The Chairman was granted, pursuant to a prior employment agreement, an option to
purchase 40,000 shares of the Company's Common Stock at an exercise price of
$2.94 per share being the fair market value of a share of the Company's stock on
the date this option was approved by the Company's shareholders. This option is
not under any of the Company's option plans, had not been exercised as of
December 31, 1993 and expires on December 31, 1998.

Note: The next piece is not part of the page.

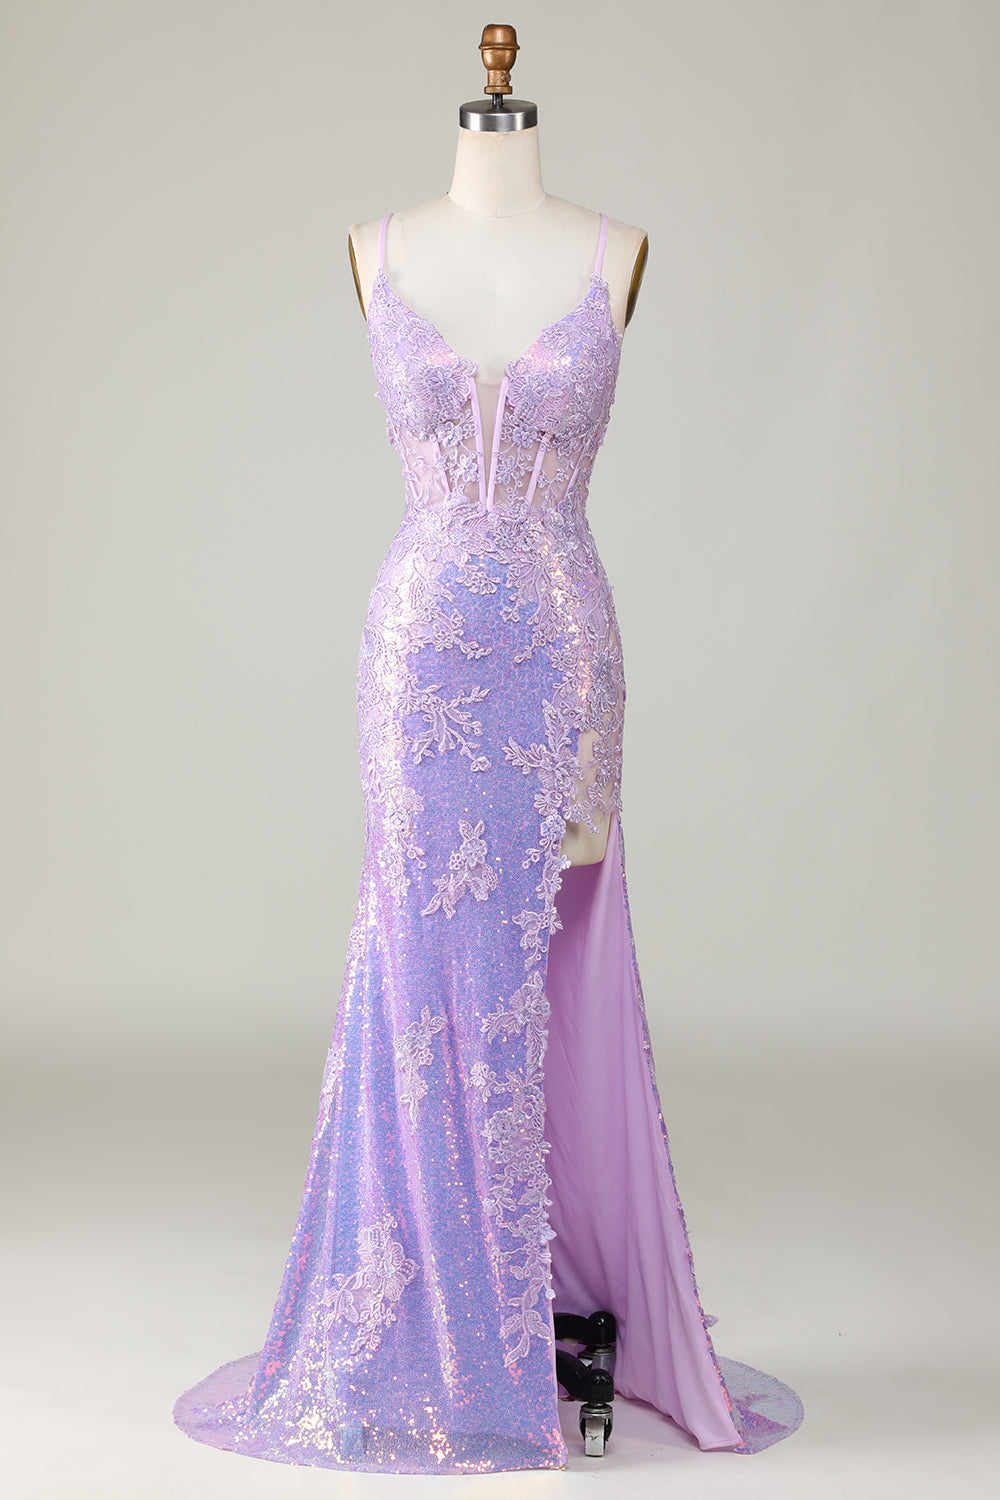 Zapakasa Women Corset Prom Dress with Slit Purple Spaghetti Straps ...

Pursuant to the 1988 Director Stock Option Plan (the Retainer Plan), directors
may elect to receive a stock option in lieu of cash as an annual retainer. Each
electing director will receive an option equal to the nearest number of whole
shares determined by dividing the annual retainer by the fair market value of
the stock less one dollar. The option price is one dollar per share and an
option may not be exercised prior to the first anniversary of the date it was
granted nor more than ten years after such date. During 1993, nine electing
directors each received an option to purchase 316 shares of Common Stock under
the Retainer Plan. During 1992 and 1991, nine and eight electing directors each
received an option to purchase 241 and 100 shares of Common Stock, respectively,
pursuant to the Retainer Plan. In 1993, 1992, and 1991, a total of $58,500,
$41,250, and $24,000, respectively, was charged to compensation expense with
respect to the Retainer Plan.
In 1992, pursuant to an agreement (see Note 2(c)), each of three directors and
an advisory director were granted options to purchase 10,000 shares of the
Company's Common Stock at $25.75 per share, being its fair market value on the
date of the grant. The options expire in 2002 and had not been exercised as of
December 31, 1993.
Pursuant to the 1992 Restricted Stock Plan for Non-Employee Directors (the
"Stock Plan"), each non-employee director of the Company receives an award of
300 shares of Company Common Stock during each year of service beginning in
1992. Such shares are restricted from transfer while such recipient remains a
member of the Board of Directors and the shares are subject to forfeiture under
certain circumstances including resignation or failure to stand for reelection
prior to age 70. The Company issued 8,400 shares under the Stock Plan in 1993
for the 1992 and 1993 plan years; the Company has expensed $103,425 in 1993 and
$79,500 in 1992 for shares which were issued.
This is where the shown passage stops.